The theme of Obama's (naturally quite fulsome) introduction of Biden in Springfield could have been "all the things I'm not": a man who "has stared down dictators and spoken out for America's cops and firefighters," who is "one of America's leading voices on national security," who has "decades of steady work across the aisle," and "who is ready to step in and be president."

Listening to Obama tick off Biden's accomplishments, one could wonder how it was logically possible for both these men to be ready to be president, the elder statesman and the neophyte who has been in the Senate less than four years, most of them spent campaigning for president. Obama also -- in another defensive move -- emphasized Biden's lunch-bucket roots. As the scrappy kid from Oahu, Hawaii ("the most removed population center on the planet," according to The Washington Post), Obama wants to squeeze every ounce of working-class street cred he can from Biden, the scrappy kid from Scranton, Pa.
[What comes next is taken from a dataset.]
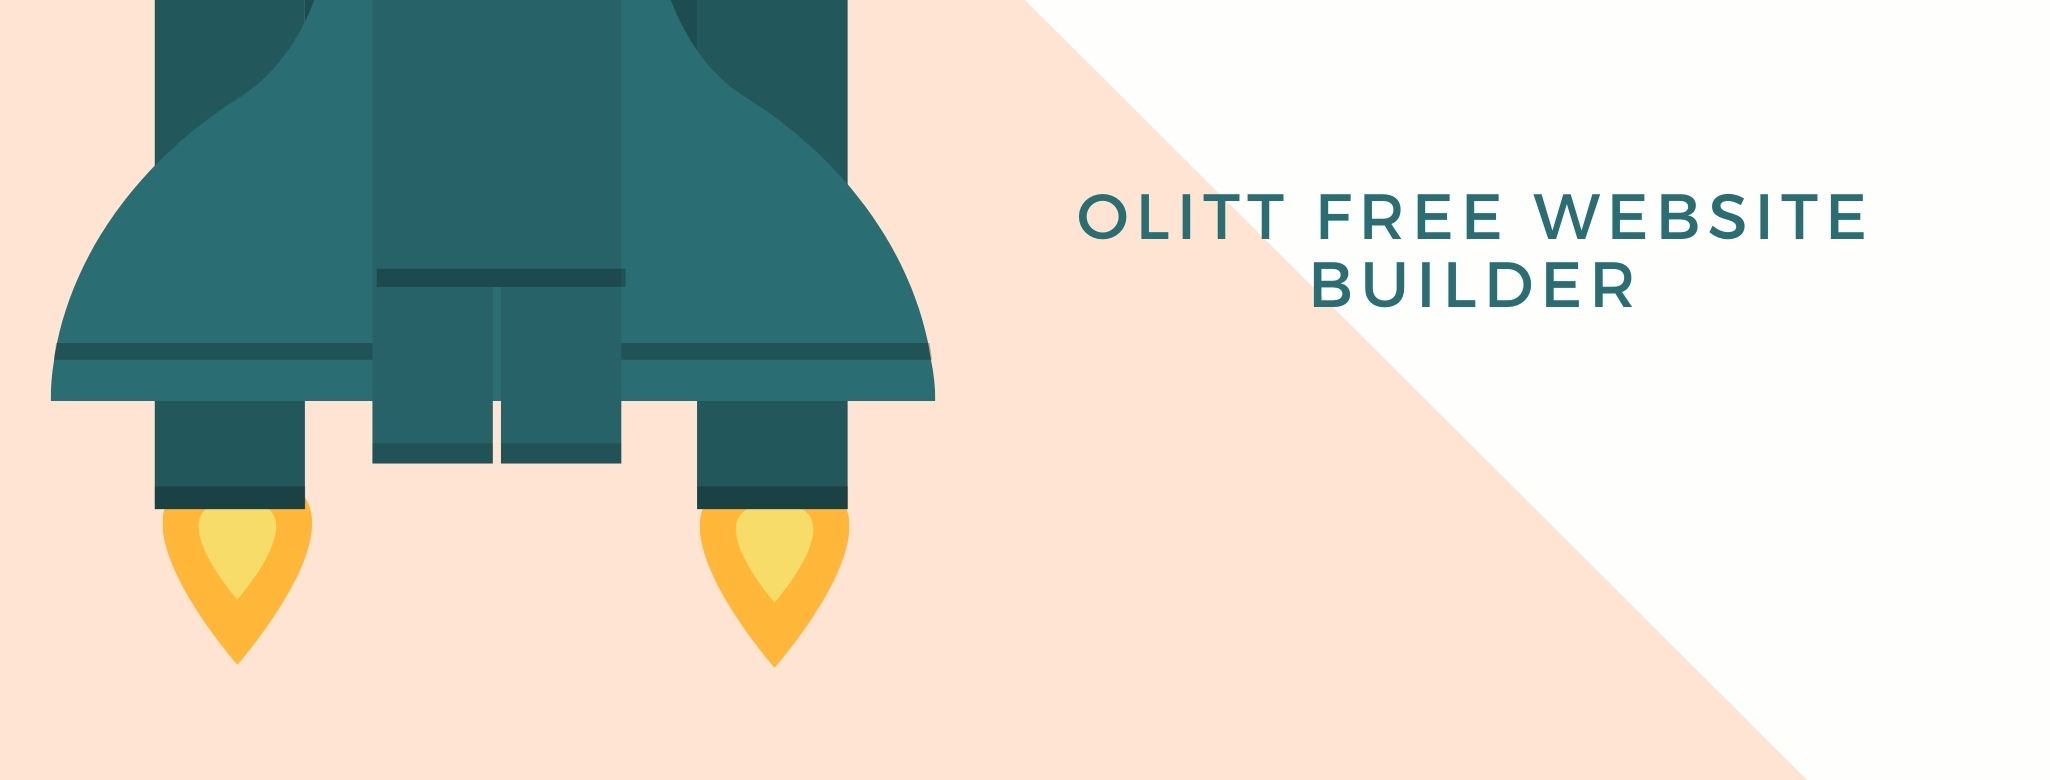 Olitt Free Website Builder
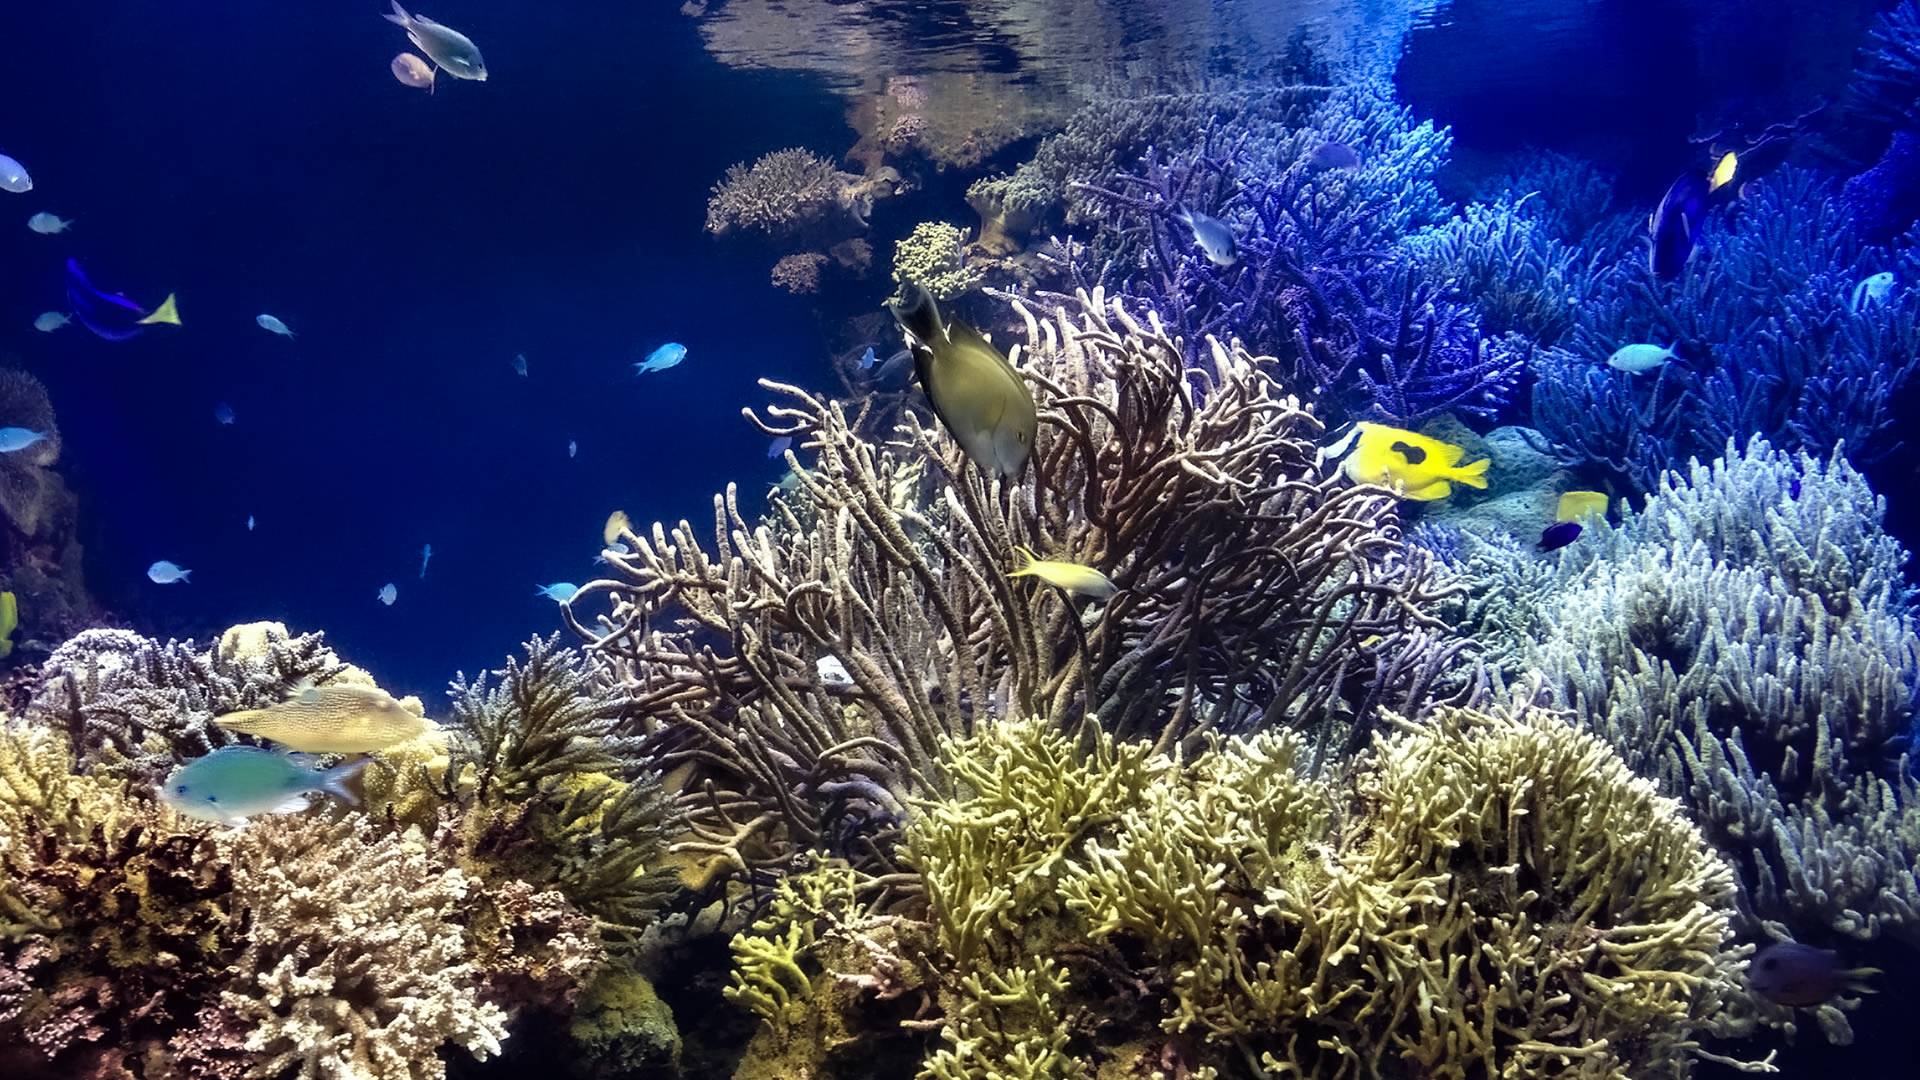 水槽で泳ぐかわいい熱帯魚 無料画像 フリー写真素材 Activephotostyle

In this sense, the ticket is balanced. Otherwise it isn't, not in terms of ideology, job description or geography. The Democrat with the most liberal voting record in the Senate picked the Democrat with the third-most liberal voting record; a senator picked a senator; and blue-state Illinois was joined by blue-state Delaware.

If we've learned anything about presidential politics during the past 40 years, it's that America elects Democrats who are moderates from the South. If Obama's going to buck that truism, he has to descend from the clouds and make a connection with average voters -- not as the messianic figure of the Democratic primaries or his Berlin speech, but as the "cleareyed pragmatist" of Biden's Springfield remarks. Obama's ultimate task in the Mile High City is to come down to Earth.